Well, for the powers that be, there are a few questions that need answered, like why did he survive – or was allowed to survive – the Hooder attack? What was put in his head? And can all this reveal the origins of the Hooders themselves? It is time to give Tombs his own get-out-of-jail pass, even if there are some people queuing up to kill him, and there is certainly enough technology out there to do it with artefacts and hardware littering Masada as remnants from those two ancient alien races the Jain and the Atheter. It is time to stir things up a bit, but far, far away, something unimaginable that can only be dreamed about is about to wake up, and is heading our way.
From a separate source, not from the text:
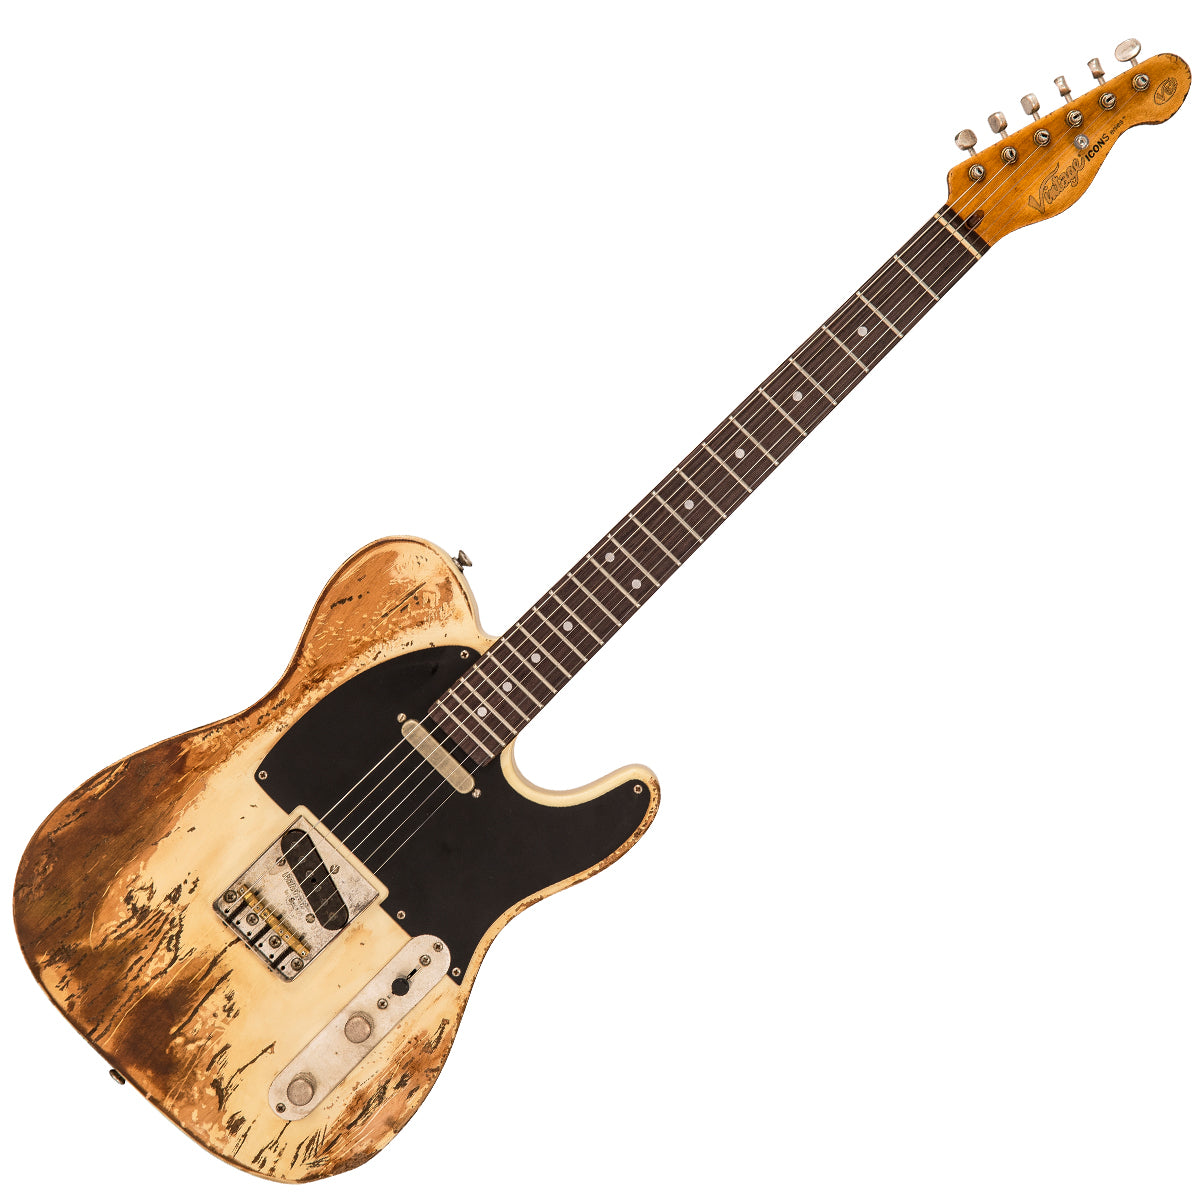 SOLD - Vintage V62 ProShop Unique ~ Blonde Heavy Relic, Electric Guitars for sale at Richards Guitars.
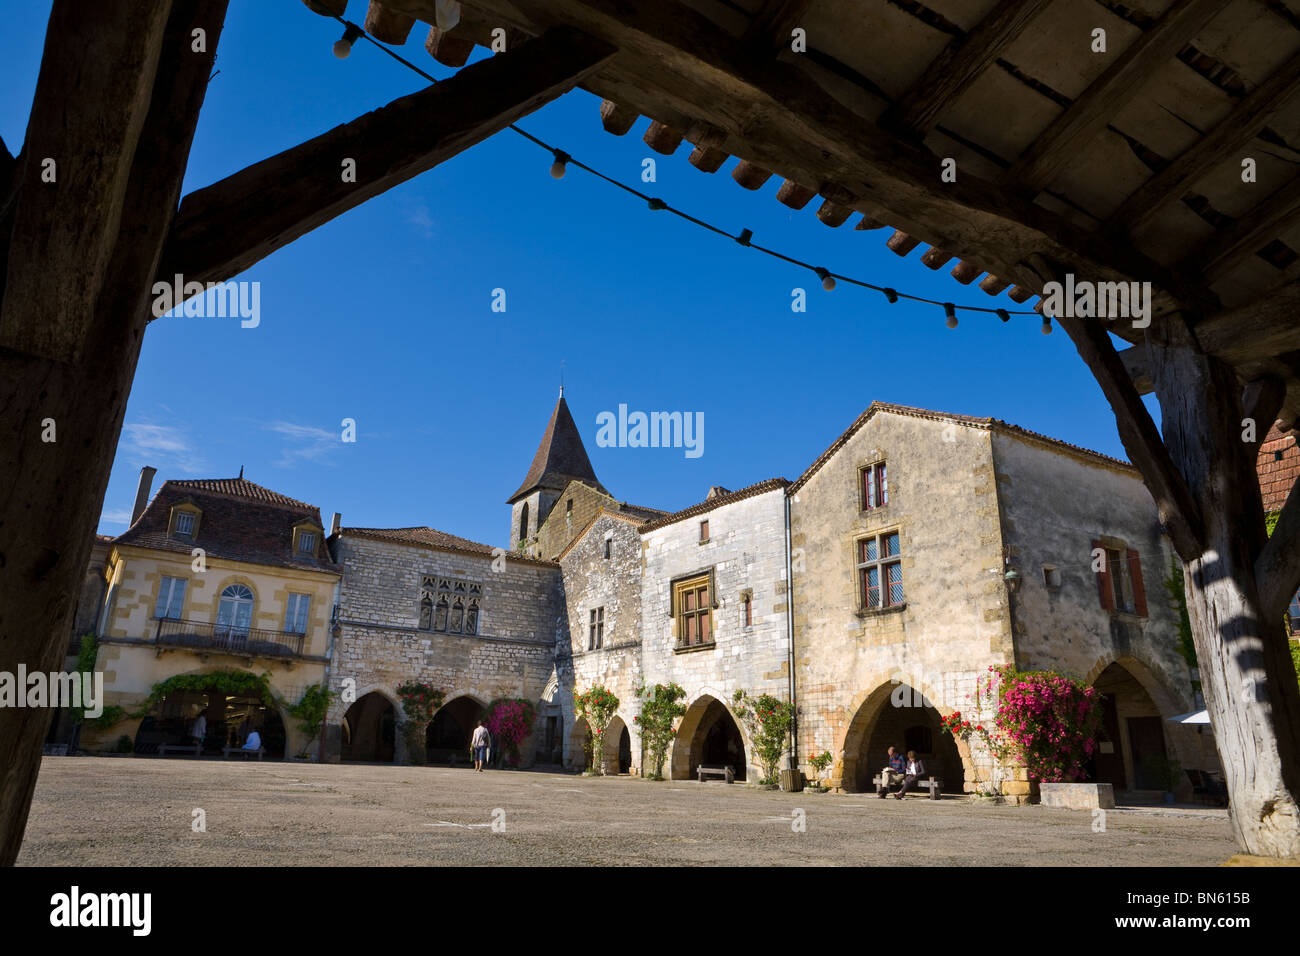 Central square, Monpazier, Dordogne, France Stock Photo

The Technician is everything you would expect from an Asher novel. Fun, fast, action-packed, filled with great world-building, and superbly-drawn characters and 'things', and not too heavy of the hard-science front.  It may come in at over 500 pages and only twenty chapters (my reluctant reader twitch is showing), but we also have a prologue and epilogue and a quote at the start of each chapter from official Polity sources to add to the fun. Do not read it if you do not know his work, but do read it if you do, and if you do, you may well come away thinking this is his best novel yet, and given that it is number twelve in the Polity series that is pretty good going, but even if you do not agree, you will certainly be in for an entertaining ride, and already looking forward to the next one.